Spark SQL 打印 Plan 内容 (1) 源码层面 Unresolved Logical Plan

前面介绍了 Spark SQL 解析和优化的主要阶段, 那么现在就可以进入源码实际看看结果.

首先需要 git clone Spark 源码, 过程略.

Unresolved Logical Plan

unresolvedPlan

用 IDE 导入 Spark 工程源码, 进入 AnalysisSuite.scala 文件, 添加一个 test() :

test("foo test1") {
val unresolvedPlan = parsePlan("WITH t(x) AS (SELECT 1) SELECT * FROM t WHERE x = 1")
// scalastyle:off println
println(unresolvedPlan)
// scalastyle:on println
}

运行后, 可以看到一个 unresolvedPlan 的打印结果:

CTE [t]
: +- 'SubqueryAlias t
: +- 'UnresolvedSubqueryColumnAliases [x]
: +- 'Project [unresolvedalias(1, None)]
: +- OneRowRelation
+- 'Project [*]
+- 'Filter ('x = 1)
+- 'UnresolvedRelation [t], [], false

CTE 就是 common table expression 的简称.

toStringTree(parser)

在上面的 test() 中, 进入 parsePlan(), 加上打印 AST 的代码 :

println(parser.singleStatement().toStringTree(parser))

执行后, 可以得到一个 AST 的结果:

(singleStatement (statement (query (ctes WITH (namedQuery (errorCapturingIdentifier (identifier (strictIdentifier t)) errorCapturingIdentifierExtra) (identifierList ( (identifierSeq (errorCapturingIdentifier (identifier (strictIdentifier x)) errorCapturingIdentifierExtra)) )) AS ( (query (queryTerm (queryPrimary (querySpecification (selectClause SELECT (namedExpressionSeq (namedExpression (expression (booleanExpression (valueExpression (primaryExpression (constant (number 1)))))))))))) queryOrganization) ))) (queryTerm (queryPrimary (querySpecification (selectClause SELECT (namedExpressionSeq (namedExpression (expression (booleanExpression (valueExpression (primaryExpression *))))))) (fromClause FROM (relation (relationPrimary (multipartIdentifier (errorCapturingIdentifier (identifier (strictIdentifier t)) errorCapturingIdentifierExtra)) tableAlias))) (whereClause WHERE (booleanExpression (valueExpression (valueExpression (primaryExpression (identifier (strictIdentifier x)))) (comparisonOperator =) (valueExpression (primaryExpression (constant (number 1)))))))))) queryOrganization)) <EOF>)

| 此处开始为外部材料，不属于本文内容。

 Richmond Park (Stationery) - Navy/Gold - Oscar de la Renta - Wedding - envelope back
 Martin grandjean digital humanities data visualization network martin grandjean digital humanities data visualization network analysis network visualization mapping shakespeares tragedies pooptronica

这个结果不太容易看, 也可以使用 Antlr Preview 插件功能.

Antlr Preview

  • Spark 源码中找到 SQLBaseParser.g4 文件,
  • 右键点击文件中内容中的 singleStatement 弹出菜单,
  • 选择 "Test rule singleStatement" 选项, 进入插件功能界面:

  • 然后在左侧栏可以输入 SQL, 右边可以看到 Parse Tree.

除了 singleStatement 这个 rule, 里边还有 query / statement 等等 rule 同理.